Site icon Youth Ki Awaaz

“Let’s Face It, As A Religion Hinduism Is Hardly An Environmentally-Friendly One”

By Sangeetha Bhaskaran:

When my daughter was 45 days old, we conducted her naming ceremony. After the naming ritual was complete, our priest began to perform the Satyanarayan puja.

We are a fairly pious lot of Vaishnavites and seek any opportunity to please Lord Vishnu. Plates filled with fruits, flowers and crispy, sweet-coconut modaks were arranged next to nine little vessels of pulses, representing the Navgraha or nine planets.

A little brick platform was set up for the yajna, and the puja began with prayers to Lord Ganesha, the God of beginnings. The generous dollops of ghee spooned into the fire gave birth to a swirl of flames.

Satisfied with its ferocity, the chanting priest handed the plate of modaks to me, motioning to drop them in, one at a time. I stared at him for a few seconds in a dazed shock. Is he for real?

I felt a hard jab from behind me; it was my mother. Reluctantly I picked them up one at a time and tossed them, watching them slowly shrivel and dissolve into ashes.

“Why couldn’t we have given the modaks to some poor people instead?,” I asked my parents later. Instead of answers, all I got were ominous stares. How dare I do that- question a ritual? Question the process of appeasing our Gods through sacrifice? Who am I to challenge centuries of wisdom incorporated into our practices?

Despite all the evolution and progress we have supposedly made as a human race, we can’t seem to accept criticism on the subject of ‘religion’. Hinduism, or for that matter any religion, is, after all, an amalgamation of faith and man-made displays of devotion. We avoid the need to assess the impact and benefits of processes followed for fear of antagonising sentiments.

Before you decide to label me as an atheist, let me vehemently insist that I do believe in God. I find it therapeutic to sit down and pray to a greater being who might me be above or around me, who feeds me with hope and courage when I feel desperately lost. All I seek to question is the manner in which my religion chooses to embrace this God.

Cliched as I am going to sound, India is a country where millions of families suffer from malnutrition. While they sleep with rumbling tummies every night, why are we spilling buckets of milk over a Shiv Ling and lighting lamps and fires with packets of full-fat ghee?
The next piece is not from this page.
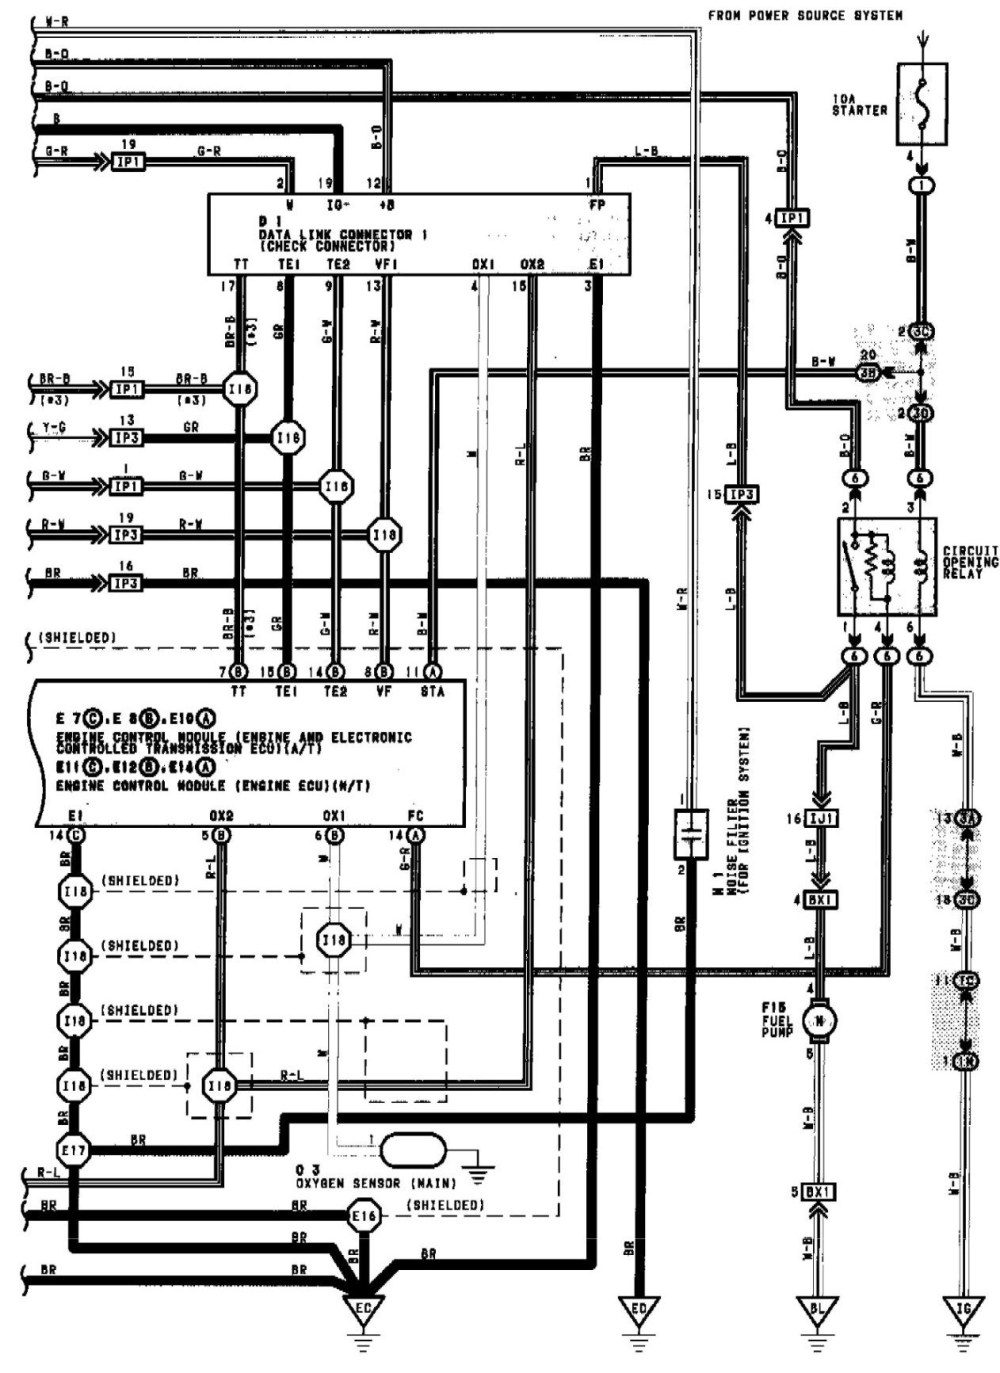 medium resolution of 94 toyota wiring diagram wiring diagram data today 1994 toyota wiring diagram 1994 toyota camry wiring

Why are we making gigantic sculptures of Lord Krishna with butter and encasing them in expensive air-conditioned glass boxes? Why is the multitude of fruits placed beside idols left to rot instead of being given to beggars outside temples?

Let’s face it, as a religion Hinduism is hardly an environmentally-friendly one. With so much wastage of food in the name of ‘offerings to God’ coupled with the use of firecrackers for Diwali and the immersion of painted statues for Ganesh-Chaturthi, we’re trashing the world and its resources. We need to stop being touchy about the subject and encourage the questioning of these customs, regardless of how rooted they may be in our culture. We need to apply logic to beliefs.

After all, wouldn’t a sensible God be pleased to observe humanity serve each other better than they serve him?